- TASK TO COMPLETE -
Every line of the listing belongs in your answer exactly as written; the images do not.

- DATA EXCERPT -
☆ ☆ ☆ ☆ ☆

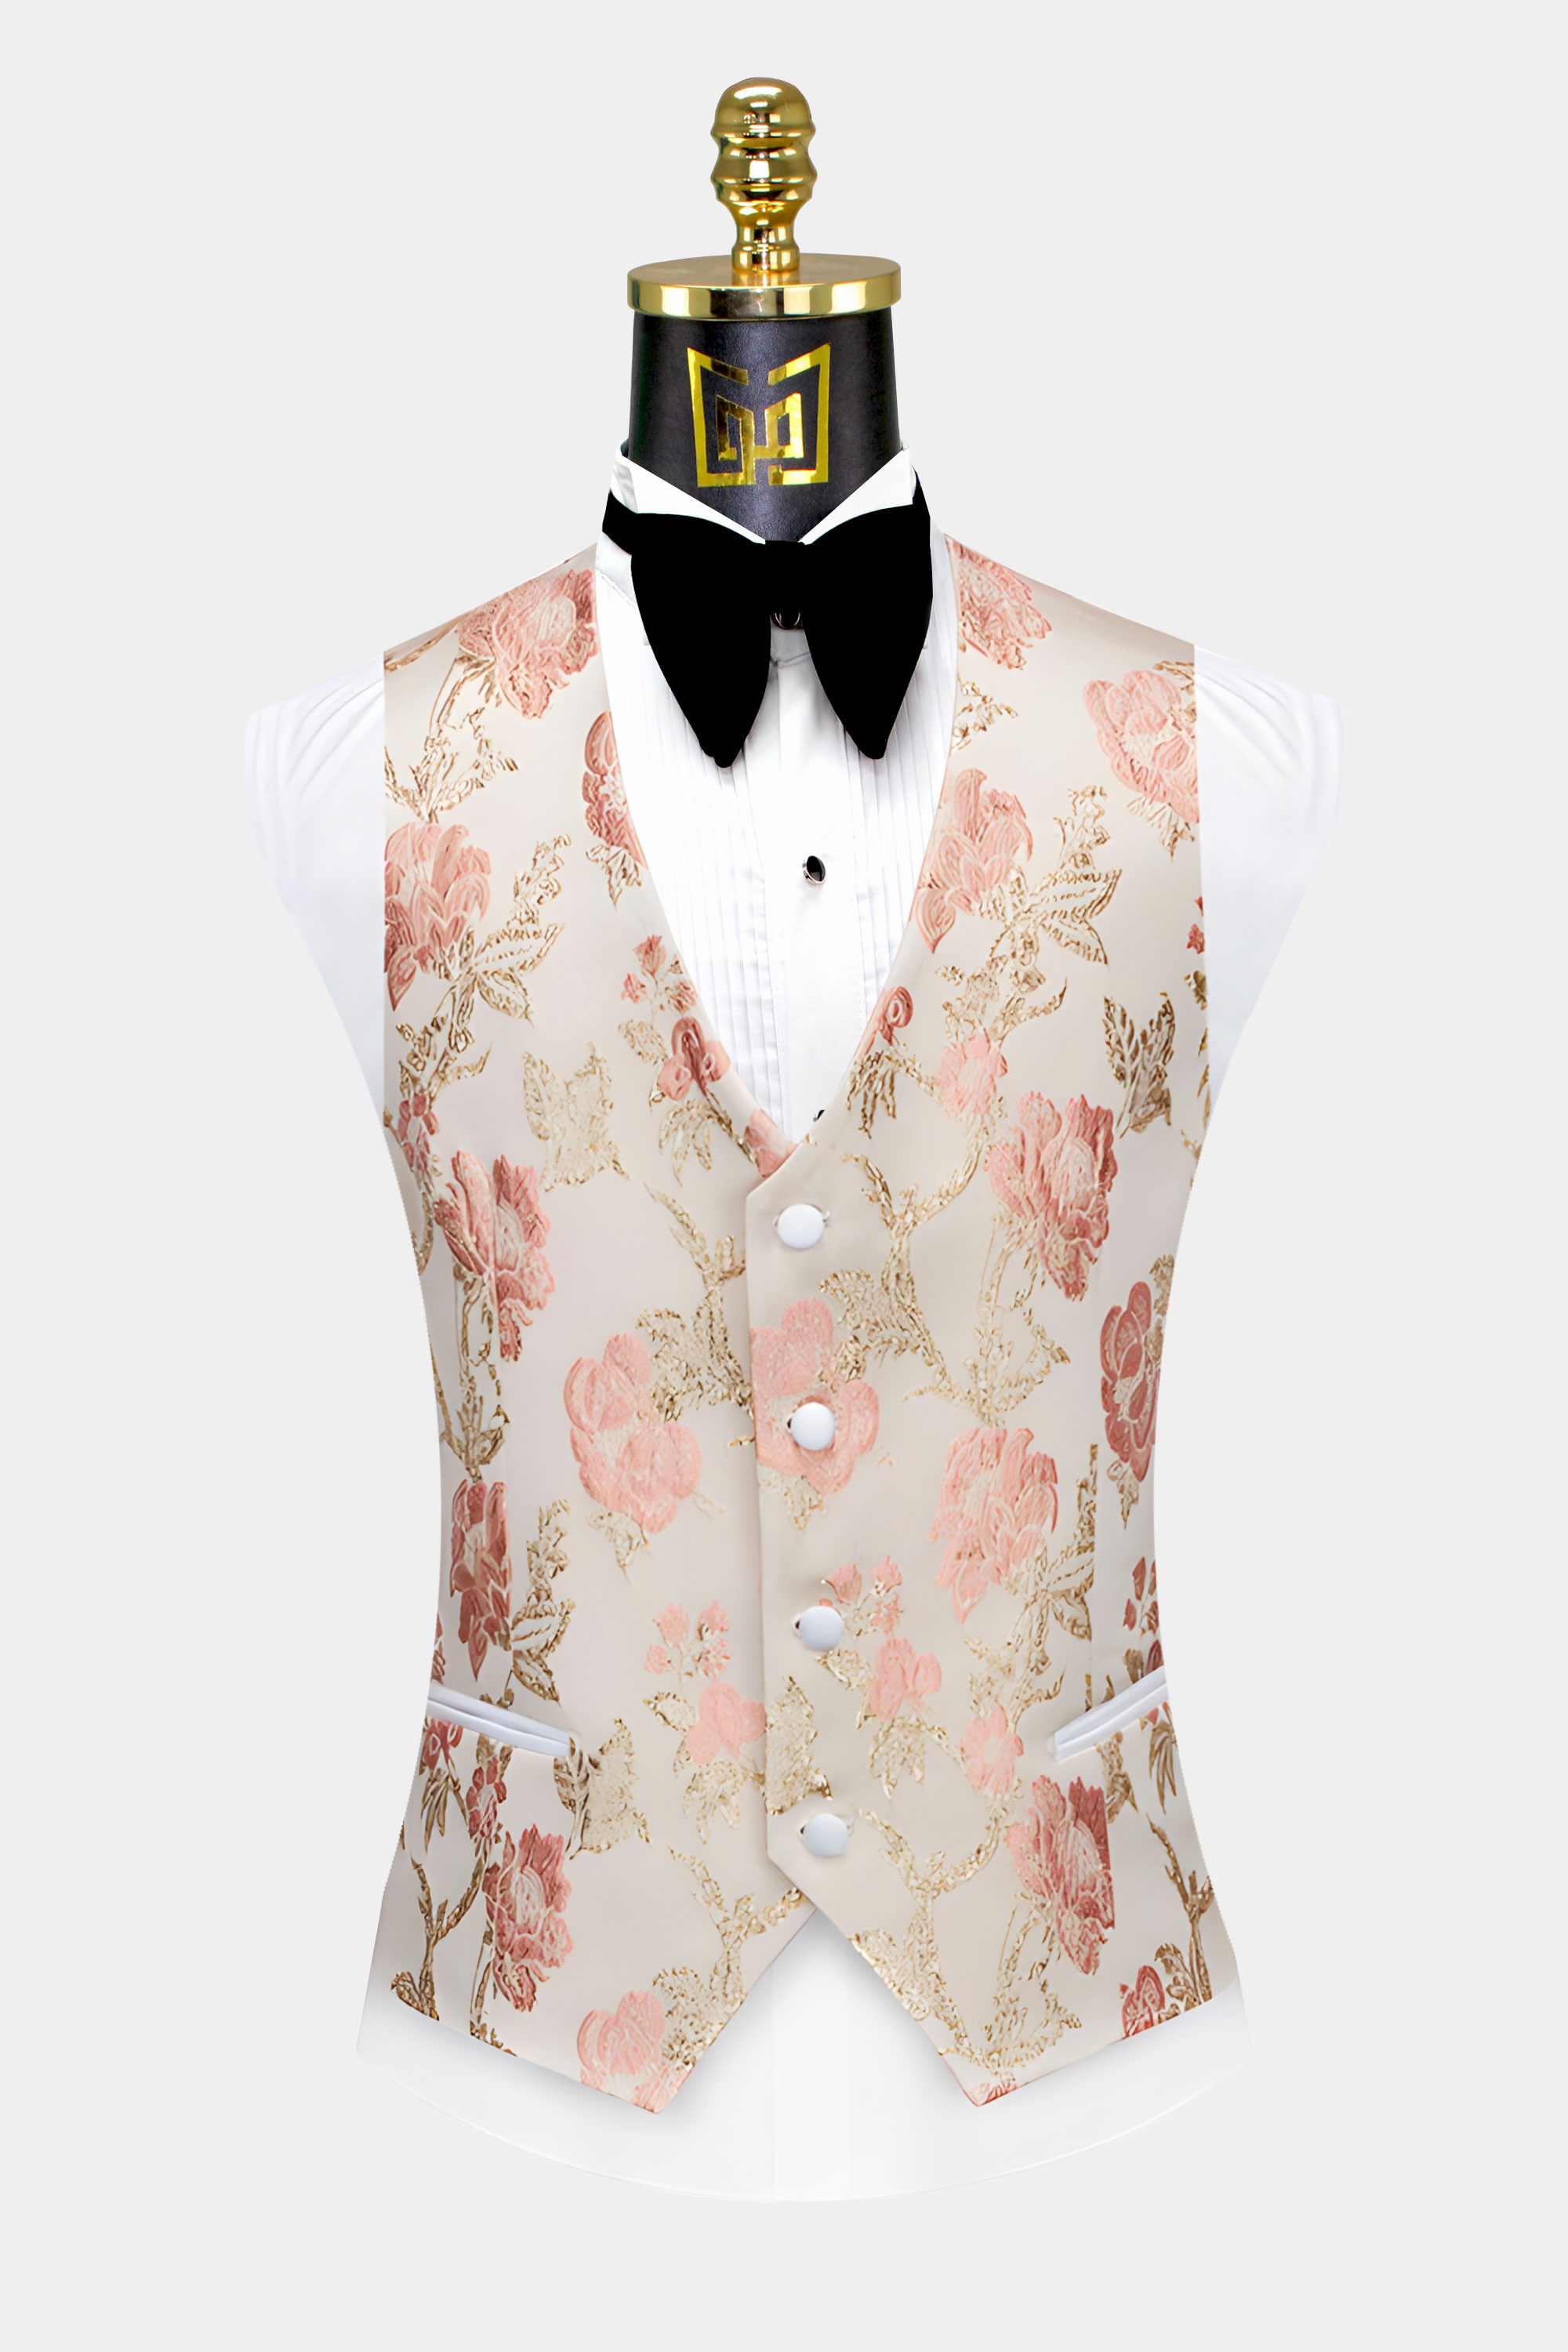 Rose-Gold-and-White-Tuxedo-Vest-from-Gentlemansguru.com
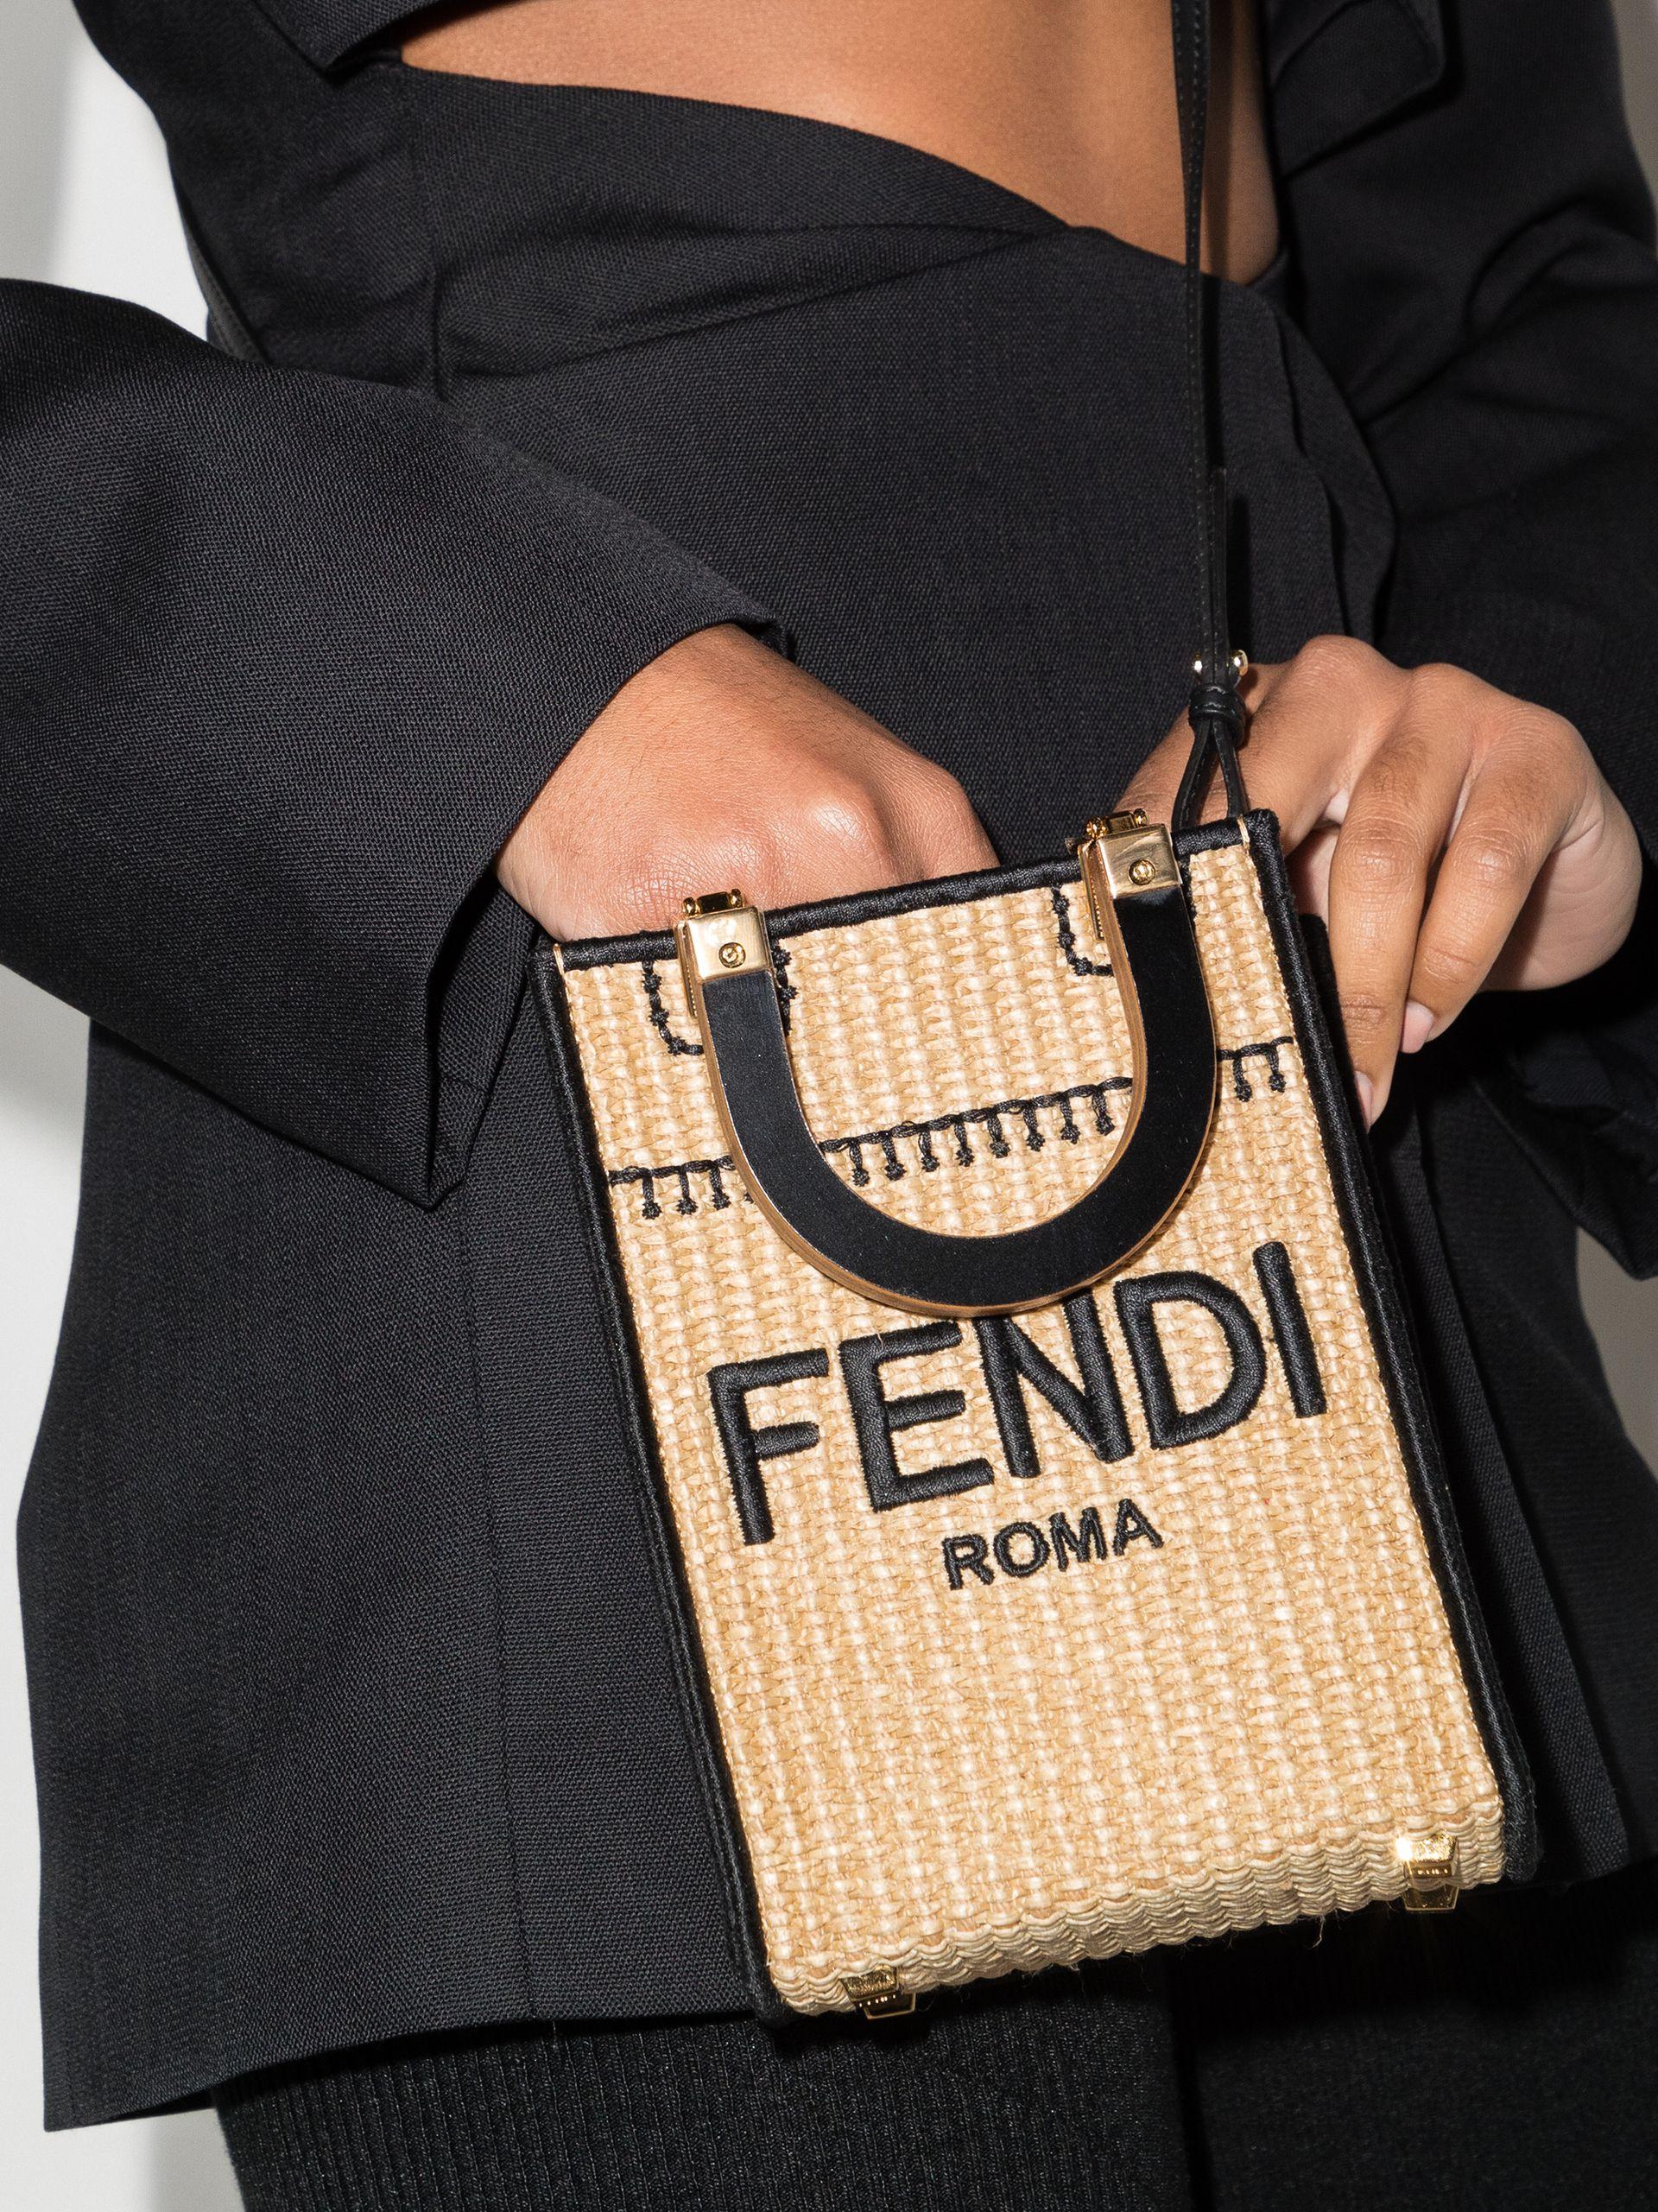 Fendi Sunshine Shopper Tote Bag in Lavender
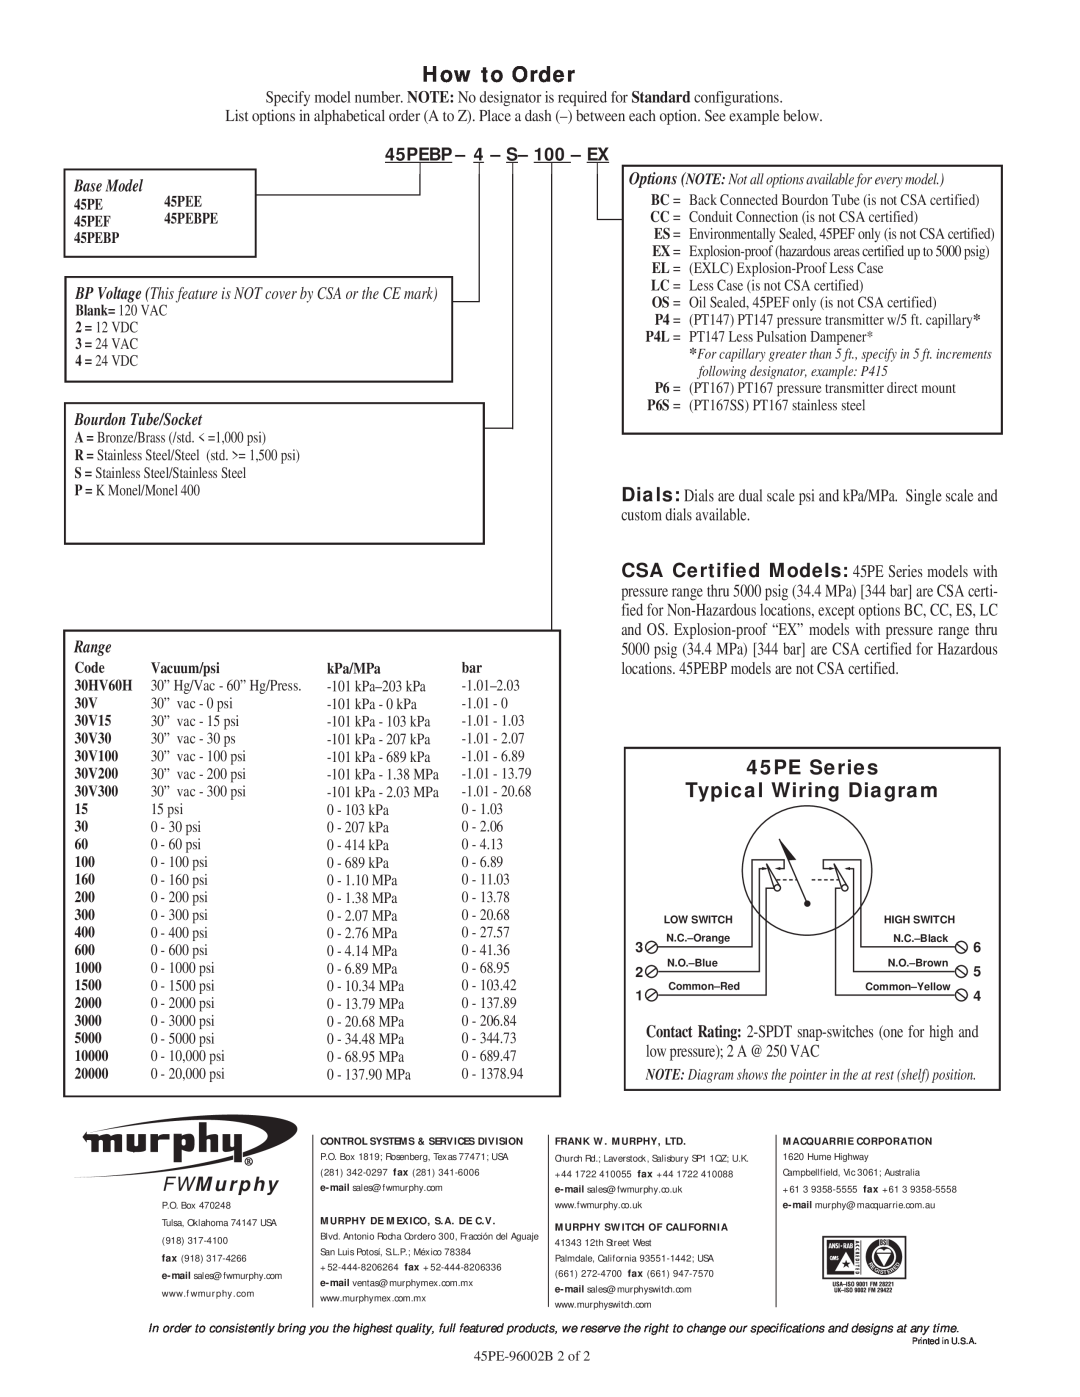 Murphy How to Order, 45PEBP - 4 - S- 100 - EX, 45PE Series Typical Wiring Diagram, FWMurphy, Base Model, Range

☆ ☆ ☆ ☆ ☆

- TASK OUTPUT -
 Rose-Gold-and-White-Tuxedo-Vest-from-Gentlemansguru.com
 Fendi Sunshine Shopper Tote Bag in Lavender
 Murphy How to Order, 45PEBP - 4 - S- 100 - EX, 45PE Series Typical Wiring Diagram, FWMurphy, Base Model, Range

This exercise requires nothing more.